Special Session on:
Hybrid Multiscale Models in Subsurface Flow and Transport

Conveners:

Tim Scheibe, Pacific Northwest National Laboratory
Qinjun Kang, Los Alamos National Laboratory
Matthew T. Balhoff, University of Texas

Featured Speakers:

Ilenia Battiato, Clemson University, "Hybrid Models of Reactive Transport in Porous Media"

Tim Scheib, Pacific Northwest National Laboratory, "MAP: An Analysis Platform for Multiscale Hydrogeologic Modeling with Emphasis on Hybrid Multiscale Methods"

Description:

As practical problems involving flow and transport in porous media have become more complex (e.g., involving multiphase flow, multicomponent heterogeneous reactions, microbiological processes), more attention is being given to situations in which the assumptions underlying classical continuum models of porous media flow and reactive transport are not met. In cases where strong coupling exists between pore- and continuum-scale process models, it may not be possible to fully decouple continuum-scale models from an explicit description of pore-scale processes. At the same time, it is highly impractical to perform the large-scale simulations needed for applications with complete pore-scale resolution. These situations motivate the development and application of hybrid multiscale methods, in which fundamentally different model descriptions posed at pore- and continuum-scales are simultaneously employed within a single simulation framework.

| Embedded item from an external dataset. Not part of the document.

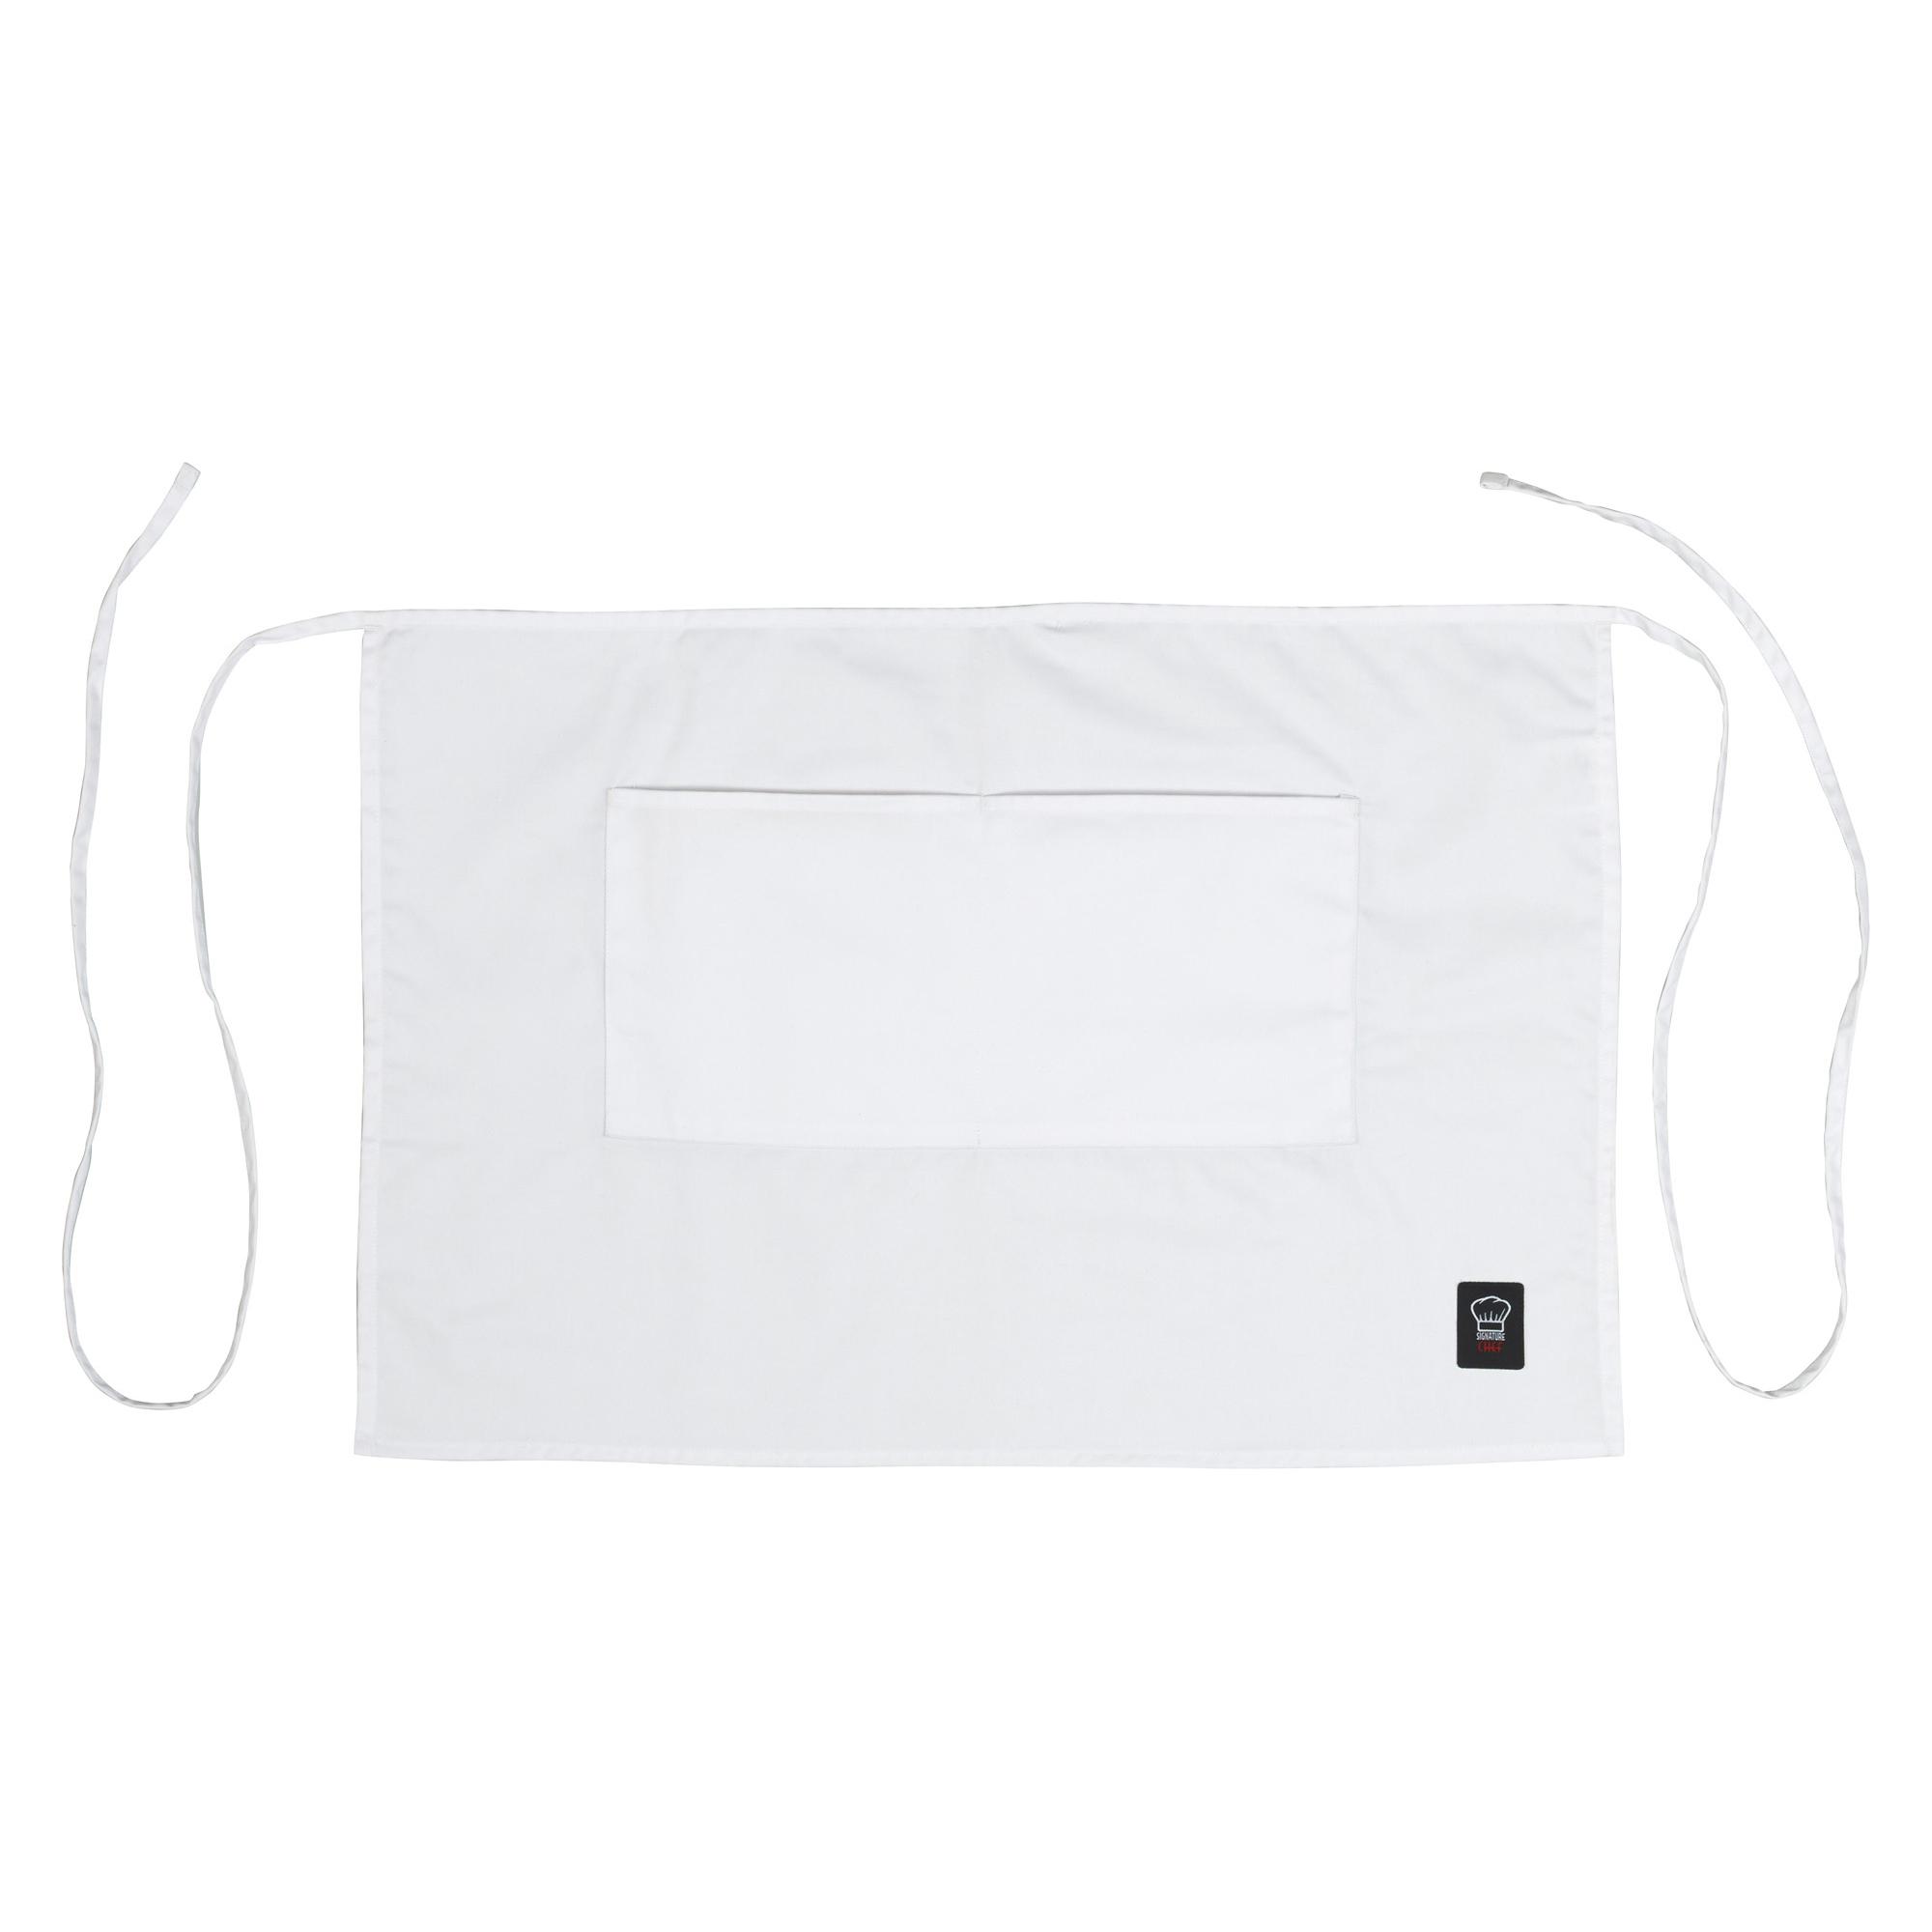 Winco WA-2819W waist apron

We solicit contributions that describe theoretical developments and numerical methods for hybrid multiscale modeling, as well as applications of multiscale models to specific problems in porous media flow and reactive transport. Problems and applications pertaining to geological carbon sequestration, mixing-controlled biogeochemical reactions, and coupled physical/biogeochemical processes are of particular interest. Although many of these are likely to involve coupling of pore- and continuum-scale models, we also are interested in model approaches that couple across other scales (for example, molecular to pore scales). We also encourage contributions on approaches to multiscale error estimation and uncertainty quantification, including error estimation for adaptive control and propagation of uncertainty across scales, and studies that provide experimental testing and validation of multiscale models. This session is not intended to include research on classical upscaling methods, or on multiresolution solvers applied to single-scale models.